### Exercise requirements:
Scan the records below for the line containing "Các phần sản" and the line containing "1757-1801, s. 24". Copy both, plus every line between, exactly.

### Information:
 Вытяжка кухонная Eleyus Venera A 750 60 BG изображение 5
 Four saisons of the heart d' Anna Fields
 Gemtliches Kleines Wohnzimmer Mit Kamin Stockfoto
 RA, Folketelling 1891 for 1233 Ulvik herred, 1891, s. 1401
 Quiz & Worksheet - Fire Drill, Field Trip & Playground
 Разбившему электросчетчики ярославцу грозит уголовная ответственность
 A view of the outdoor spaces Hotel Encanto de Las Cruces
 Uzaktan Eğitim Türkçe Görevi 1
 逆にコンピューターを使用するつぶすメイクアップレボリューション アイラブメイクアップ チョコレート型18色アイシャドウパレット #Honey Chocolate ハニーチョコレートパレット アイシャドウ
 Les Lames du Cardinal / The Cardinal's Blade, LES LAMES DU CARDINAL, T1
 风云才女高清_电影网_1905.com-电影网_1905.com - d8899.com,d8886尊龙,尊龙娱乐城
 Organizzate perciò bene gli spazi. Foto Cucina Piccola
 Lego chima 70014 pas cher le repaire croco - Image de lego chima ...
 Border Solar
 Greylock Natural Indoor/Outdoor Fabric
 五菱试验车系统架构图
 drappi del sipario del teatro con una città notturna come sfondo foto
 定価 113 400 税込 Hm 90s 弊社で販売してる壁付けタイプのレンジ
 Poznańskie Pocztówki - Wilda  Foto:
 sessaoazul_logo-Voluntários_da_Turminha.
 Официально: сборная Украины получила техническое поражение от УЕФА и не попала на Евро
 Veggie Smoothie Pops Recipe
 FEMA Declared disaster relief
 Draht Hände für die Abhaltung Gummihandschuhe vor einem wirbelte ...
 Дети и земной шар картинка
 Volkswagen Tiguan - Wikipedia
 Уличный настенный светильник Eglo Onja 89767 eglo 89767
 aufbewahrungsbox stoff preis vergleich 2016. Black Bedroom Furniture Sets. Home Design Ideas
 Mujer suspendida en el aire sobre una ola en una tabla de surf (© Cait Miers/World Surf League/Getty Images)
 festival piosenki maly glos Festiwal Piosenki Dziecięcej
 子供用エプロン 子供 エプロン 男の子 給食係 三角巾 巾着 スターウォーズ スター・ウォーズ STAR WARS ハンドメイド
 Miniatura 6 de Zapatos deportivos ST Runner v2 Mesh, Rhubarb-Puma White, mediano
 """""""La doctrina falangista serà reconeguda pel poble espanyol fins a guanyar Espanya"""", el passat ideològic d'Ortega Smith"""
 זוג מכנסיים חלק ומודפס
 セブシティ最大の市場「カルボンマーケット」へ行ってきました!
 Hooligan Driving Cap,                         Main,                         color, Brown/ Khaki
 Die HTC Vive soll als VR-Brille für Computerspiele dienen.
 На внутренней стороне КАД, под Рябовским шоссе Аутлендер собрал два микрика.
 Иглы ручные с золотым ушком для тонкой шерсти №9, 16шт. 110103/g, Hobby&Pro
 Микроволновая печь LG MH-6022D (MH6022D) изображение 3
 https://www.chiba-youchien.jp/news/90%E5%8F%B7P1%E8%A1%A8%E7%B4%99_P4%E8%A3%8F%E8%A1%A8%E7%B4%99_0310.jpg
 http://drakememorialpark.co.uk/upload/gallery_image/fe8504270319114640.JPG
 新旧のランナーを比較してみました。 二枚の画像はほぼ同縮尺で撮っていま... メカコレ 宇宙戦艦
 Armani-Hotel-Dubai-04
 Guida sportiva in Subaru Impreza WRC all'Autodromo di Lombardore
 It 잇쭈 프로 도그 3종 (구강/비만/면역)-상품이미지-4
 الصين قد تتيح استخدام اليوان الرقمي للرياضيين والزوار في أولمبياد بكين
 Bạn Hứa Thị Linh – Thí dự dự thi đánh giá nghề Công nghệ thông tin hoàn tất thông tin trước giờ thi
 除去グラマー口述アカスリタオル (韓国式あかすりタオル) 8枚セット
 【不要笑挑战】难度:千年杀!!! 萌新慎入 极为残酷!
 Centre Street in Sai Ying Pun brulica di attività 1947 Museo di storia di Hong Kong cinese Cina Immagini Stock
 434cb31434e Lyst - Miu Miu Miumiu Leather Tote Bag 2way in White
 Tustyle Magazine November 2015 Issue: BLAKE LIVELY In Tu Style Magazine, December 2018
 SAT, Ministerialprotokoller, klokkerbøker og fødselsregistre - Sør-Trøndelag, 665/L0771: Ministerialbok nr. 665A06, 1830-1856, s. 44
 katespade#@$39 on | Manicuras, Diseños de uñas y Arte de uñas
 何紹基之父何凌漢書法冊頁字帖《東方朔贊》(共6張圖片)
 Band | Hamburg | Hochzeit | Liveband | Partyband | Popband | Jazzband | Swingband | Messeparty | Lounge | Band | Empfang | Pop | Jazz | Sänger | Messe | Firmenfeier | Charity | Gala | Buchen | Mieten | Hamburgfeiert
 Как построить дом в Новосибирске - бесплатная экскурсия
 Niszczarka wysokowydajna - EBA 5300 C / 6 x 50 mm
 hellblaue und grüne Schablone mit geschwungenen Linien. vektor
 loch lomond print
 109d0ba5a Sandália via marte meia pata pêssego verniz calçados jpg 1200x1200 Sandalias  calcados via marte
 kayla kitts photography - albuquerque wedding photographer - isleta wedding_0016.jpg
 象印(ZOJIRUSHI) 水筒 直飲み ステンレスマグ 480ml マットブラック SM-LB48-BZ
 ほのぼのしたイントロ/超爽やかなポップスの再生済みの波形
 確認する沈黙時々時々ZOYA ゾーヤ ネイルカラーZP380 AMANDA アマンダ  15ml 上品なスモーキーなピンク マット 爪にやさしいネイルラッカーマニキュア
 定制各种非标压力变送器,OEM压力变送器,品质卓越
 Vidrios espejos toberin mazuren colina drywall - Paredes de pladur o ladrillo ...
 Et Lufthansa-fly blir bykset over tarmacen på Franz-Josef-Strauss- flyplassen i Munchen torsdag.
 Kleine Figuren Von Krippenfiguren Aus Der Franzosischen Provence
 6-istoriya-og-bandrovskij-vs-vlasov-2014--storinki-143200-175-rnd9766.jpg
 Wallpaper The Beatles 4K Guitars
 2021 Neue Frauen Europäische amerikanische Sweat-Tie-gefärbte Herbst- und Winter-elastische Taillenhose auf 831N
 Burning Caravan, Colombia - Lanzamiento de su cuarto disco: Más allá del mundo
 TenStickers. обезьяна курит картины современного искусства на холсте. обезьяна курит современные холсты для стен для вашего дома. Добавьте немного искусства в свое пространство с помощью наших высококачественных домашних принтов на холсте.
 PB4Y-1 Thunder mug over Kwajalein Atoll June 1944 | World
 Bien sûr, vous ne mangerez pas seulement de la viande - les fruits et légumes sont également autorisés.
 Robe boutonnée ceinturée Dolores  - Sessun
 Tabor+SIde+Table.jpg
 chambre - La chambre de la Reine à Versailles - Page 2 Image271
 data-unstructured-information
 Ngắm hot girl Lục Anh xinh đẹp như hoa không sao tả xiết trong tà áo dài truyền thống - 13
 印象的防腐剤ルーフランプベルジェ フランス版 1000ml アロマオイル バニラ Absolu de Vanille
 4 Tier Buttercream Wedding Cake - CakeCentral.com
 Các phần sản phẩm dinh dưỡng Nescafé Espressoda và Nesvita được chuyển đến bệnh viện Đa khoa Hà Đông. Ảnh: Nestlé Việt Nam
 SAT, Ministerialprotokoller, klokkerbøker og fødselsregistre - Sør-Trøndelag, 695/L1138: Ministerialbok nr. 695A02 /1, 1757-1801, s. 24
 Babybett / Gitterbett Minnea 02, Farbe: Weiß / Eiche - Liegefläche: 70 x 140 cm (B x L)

### Answer for the task:
 Các phần sản phẩm dinh dưỡng Nescafé Espressoda và Nesvita được chuyển đến bệnh viện Đa khoa Hà Đông. Ảnh: Nestlé Việt Nam
 SAT, Ministerialprotokoller, klokkerbøker og fødselsregistre - Sør-Trøndelag, 695/L1138: Ministerialbok nr. 695A02 /1, 1757-1801, s. 24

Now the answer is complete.